Re: [RESEND RFC PATCH V3] sched: Improve scalability of select_idle_sibling using SMT balance
From: Peter Zijlstra
Date: Mon Feb 05 2018 - 07:49:15 EST
On Fri, Feb 02, 2018 at 04:06:32PM -0500, Steven Sistare wrote:
> On 2/2/2018 2:59 PM, Peter Zijlstra wrote:
> > But then you get that atomic crud to contend on the cluster level, which
> > is even worse than it contending on the core level.
>
> True, but it can still be a net win if we make better scheduling decisions.
> A saving grace is that the atomic counter is only updated if the cpu
> makes a transition from idle to busy or vice versa.

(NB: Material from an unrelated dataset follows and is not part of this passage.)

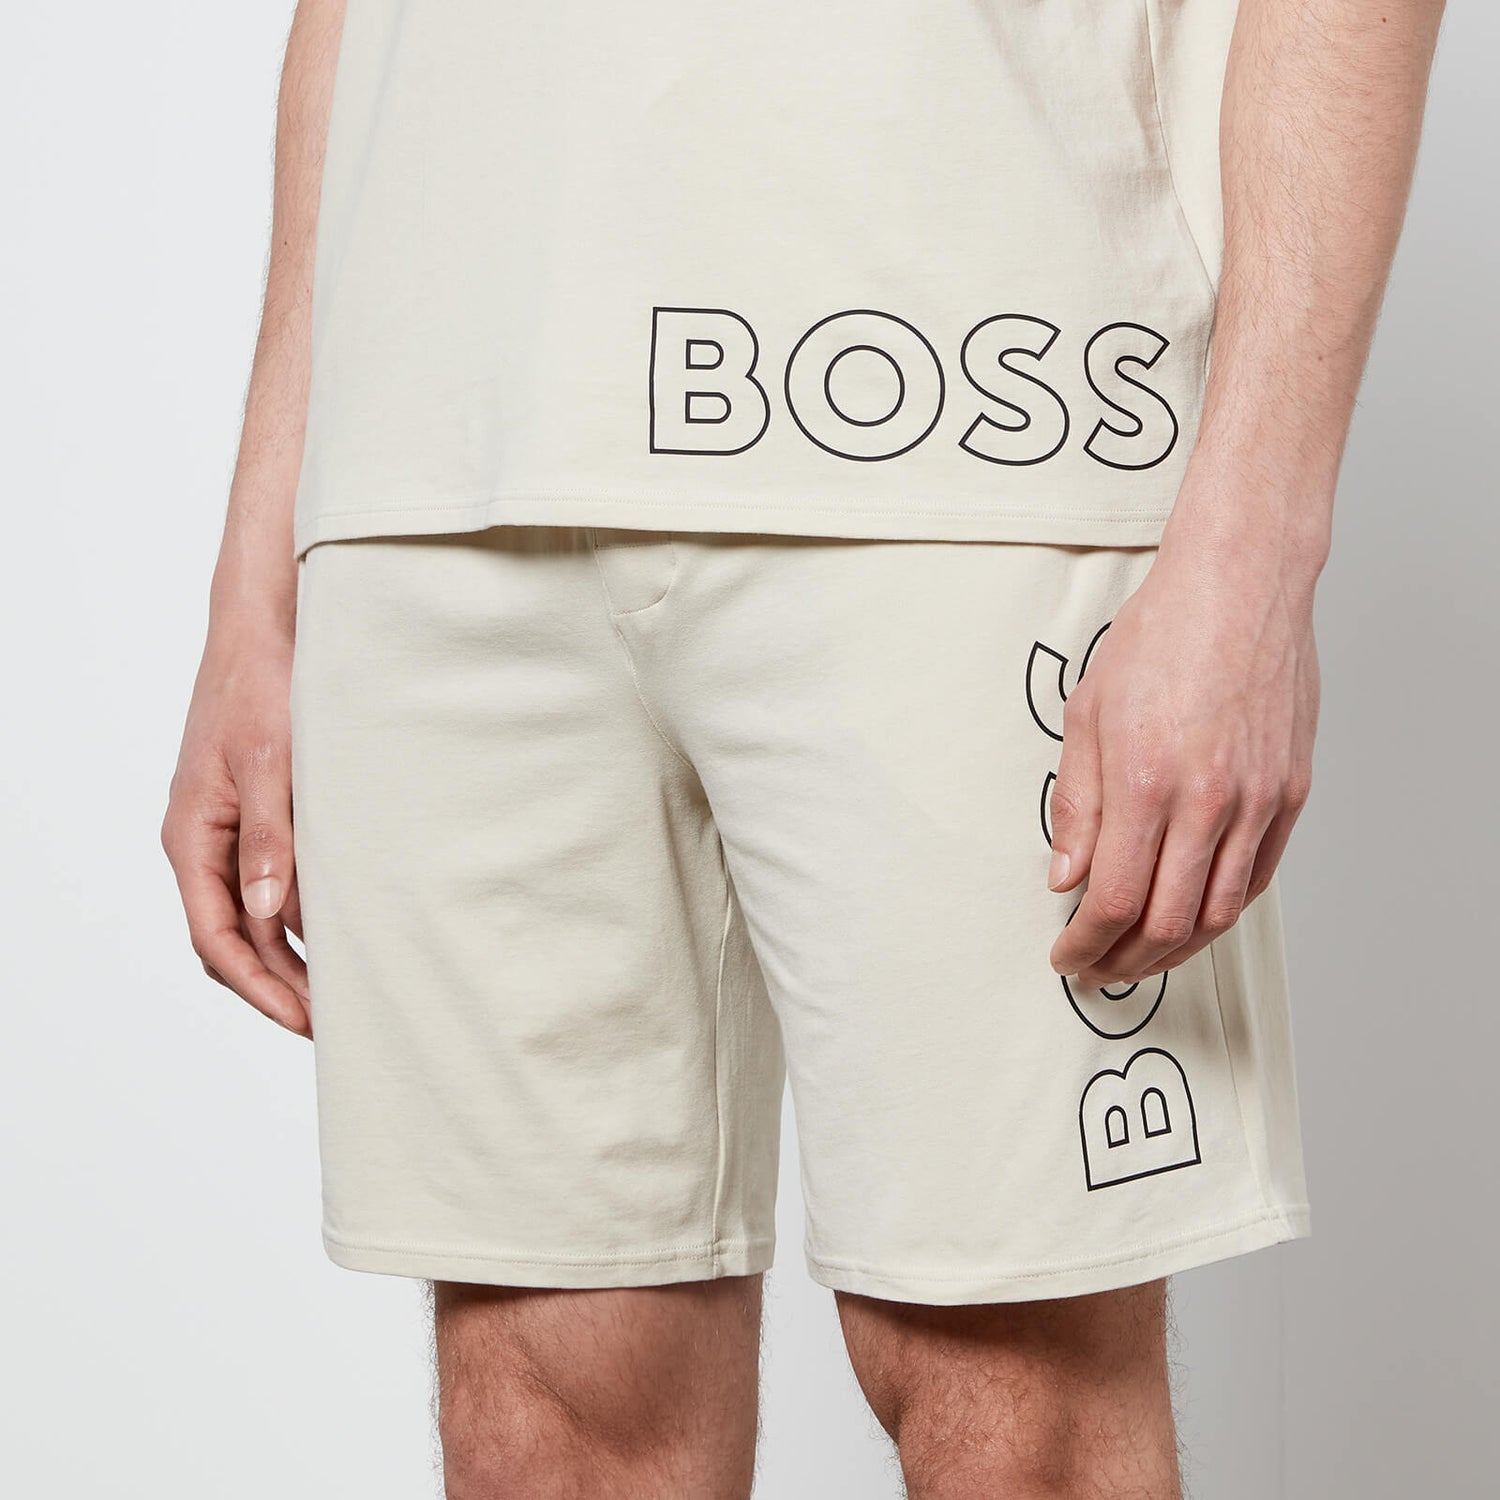 BOSS Bodywear Men's Identity Shorts - Light Beige - S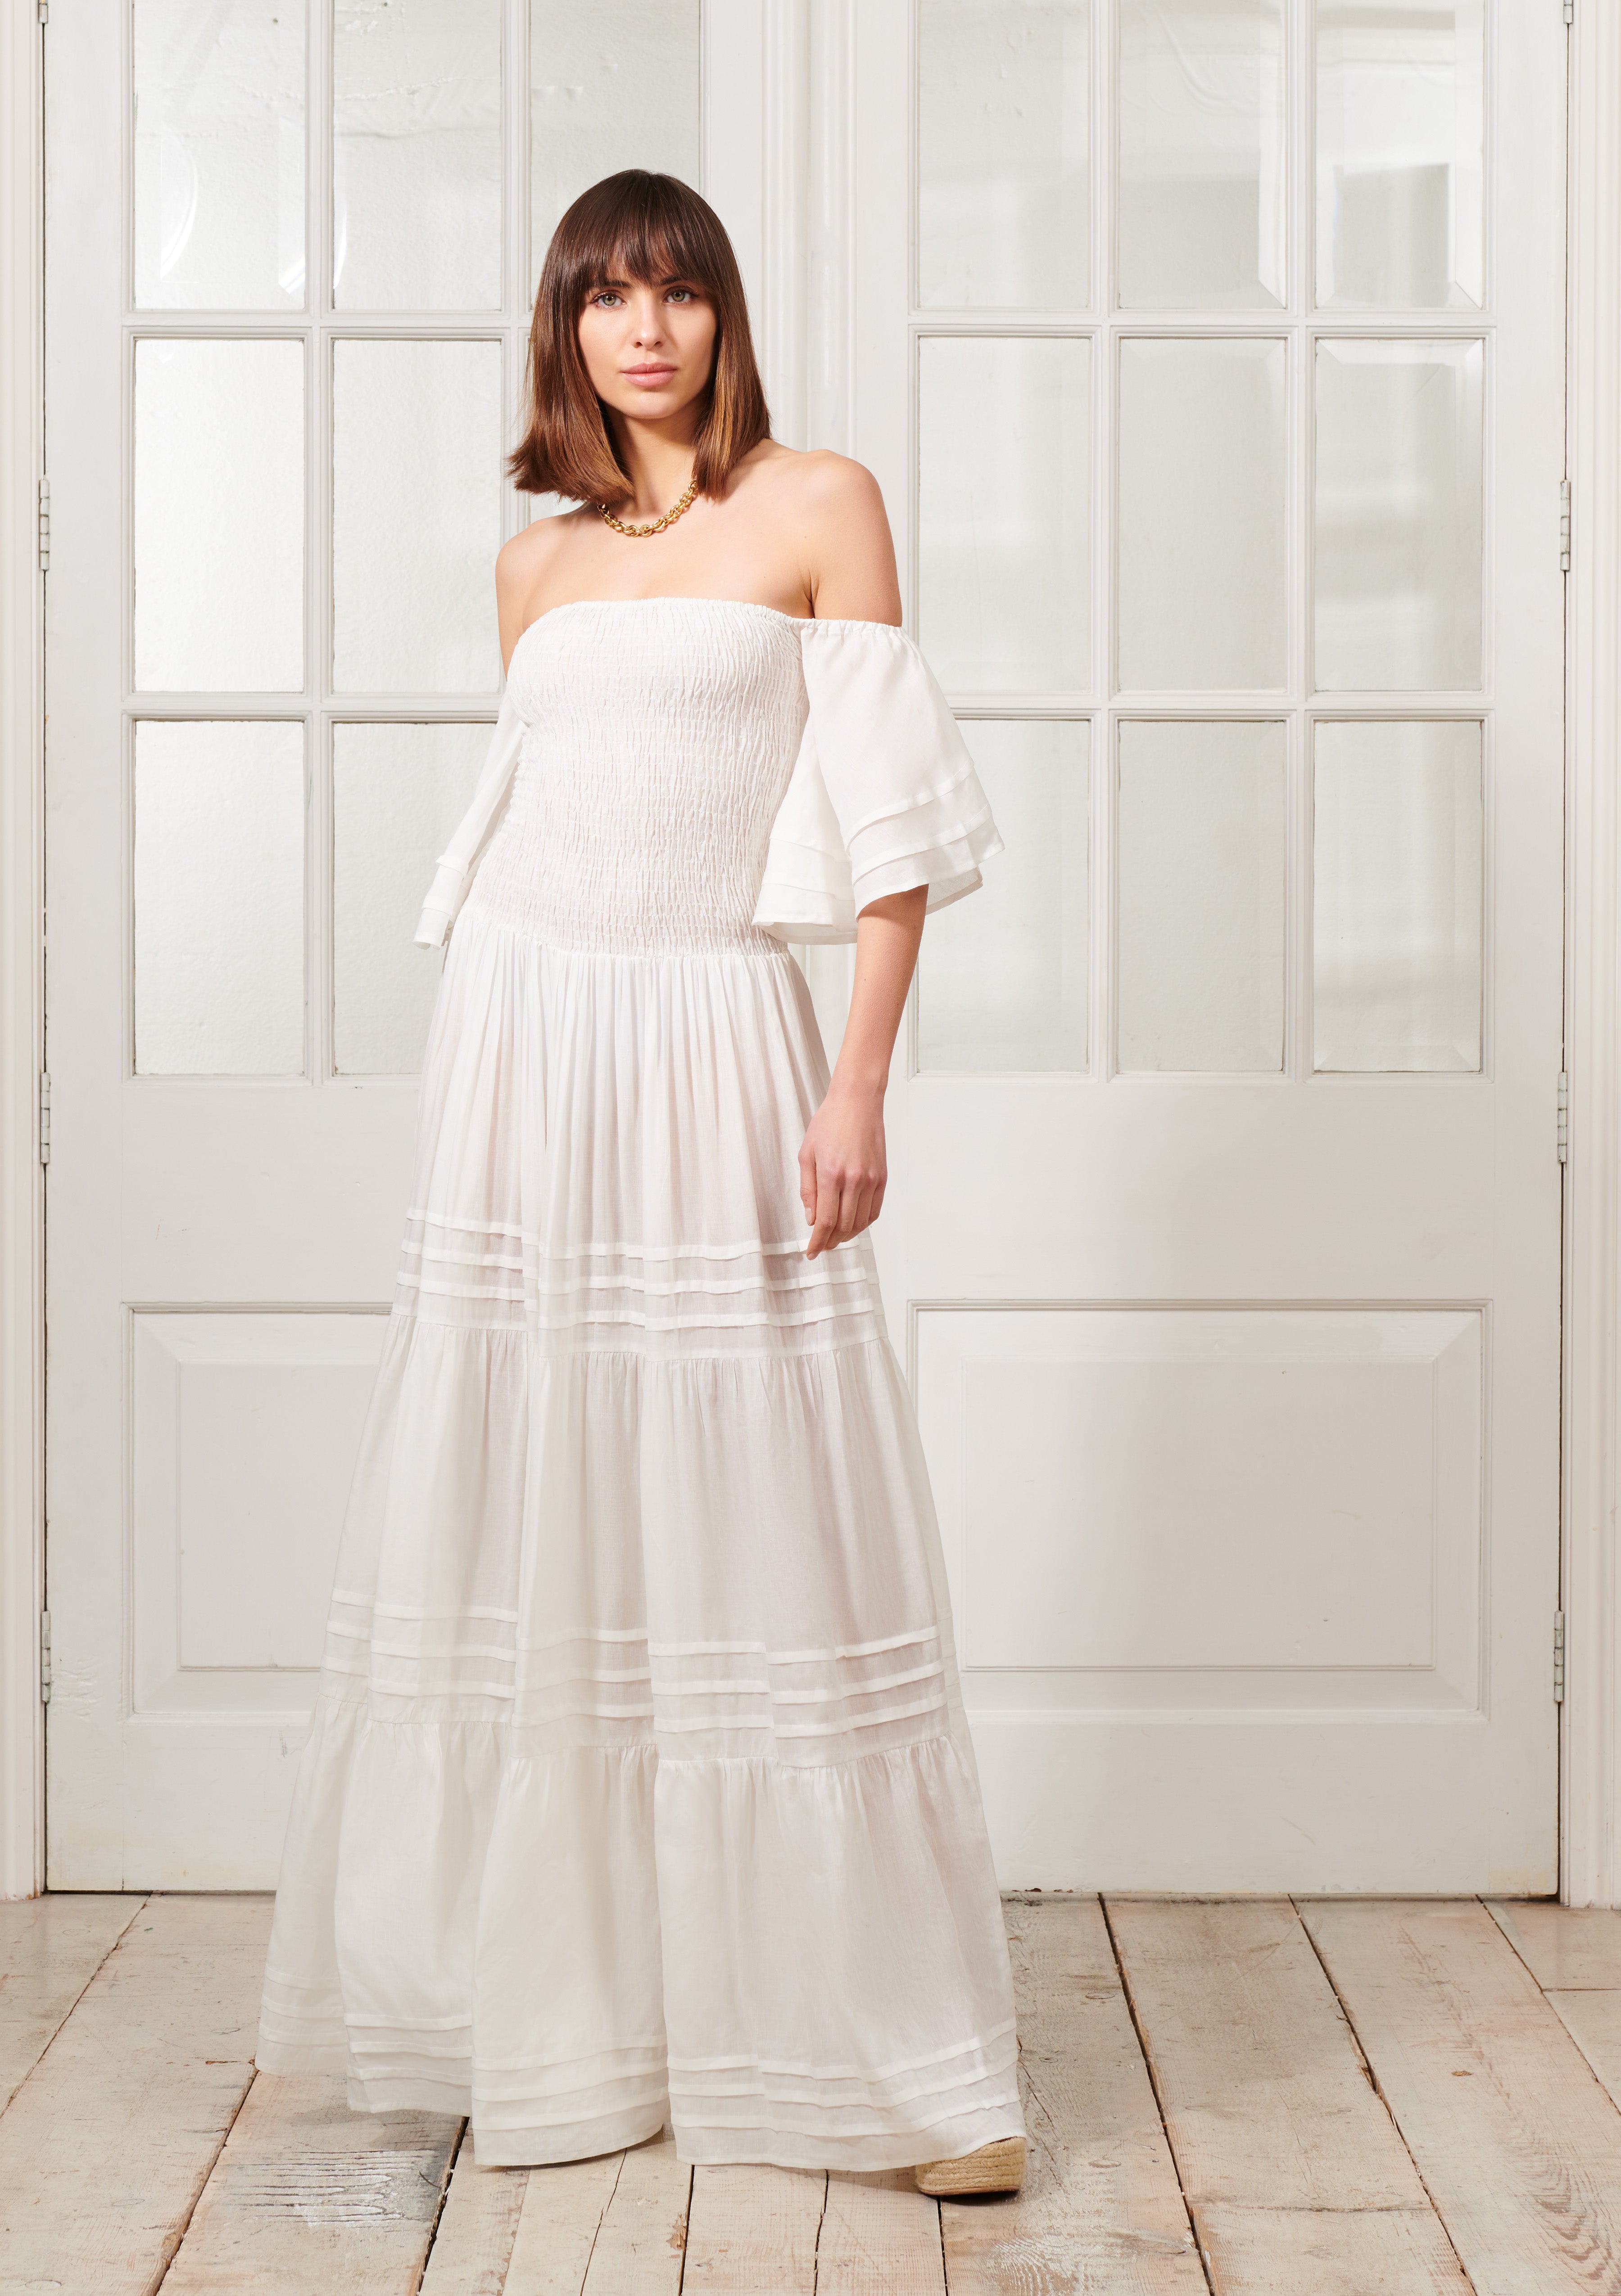 EVARAE VALENTINA DRESS IN LENZING LINEN - SOFT WHITE

Which can still be a very high rate for some workloads. I always forget
which, but there are plenty workloads that have very frequenct very
short idle times. Mike, do you remember what comes apart when we take
out the sysctl_sched_migration_cost test in idle_balance()?
> We need data for this type of system, showing improvements for normal
> workloads, and showing little downside for a high context switch rate
> torture test.
So core-wide atomics should, on architectures that can do atomics in L1,
be relatively fast. Once you leave L1, atomic contention goes up a fair
bit. And then there's architectures that simply don't do atomics in L1
(like Power).
Testing on my SKL desktop, atomics contending between SMT siblings is
basically free (weirdly enough my test says its cheaper), atomics
contending on the L3 is 10x as expensive, and this is with only 4 cores.
If I test it on my 10 core IVB, I'm up to 20x, and I can't imagine that
getting any better with bigger core count (my IVB does not show SMT
contention as lower, but not particularly more expensive either).
So while I see the point of tracking these numbers (for SMT>2), I don't
think its worth doing outside of the core, and then we still need some
powerpc (or any other architecture with abysmal atomics) tested.
So what we can do is make this counting crud conditional on SMT>2 and
possibly part of the topology flags such that an architecture can
opt-out.
Then select_idle_core can be augmented to remember the least-loaded core
it encounters in its traversal, and go with that.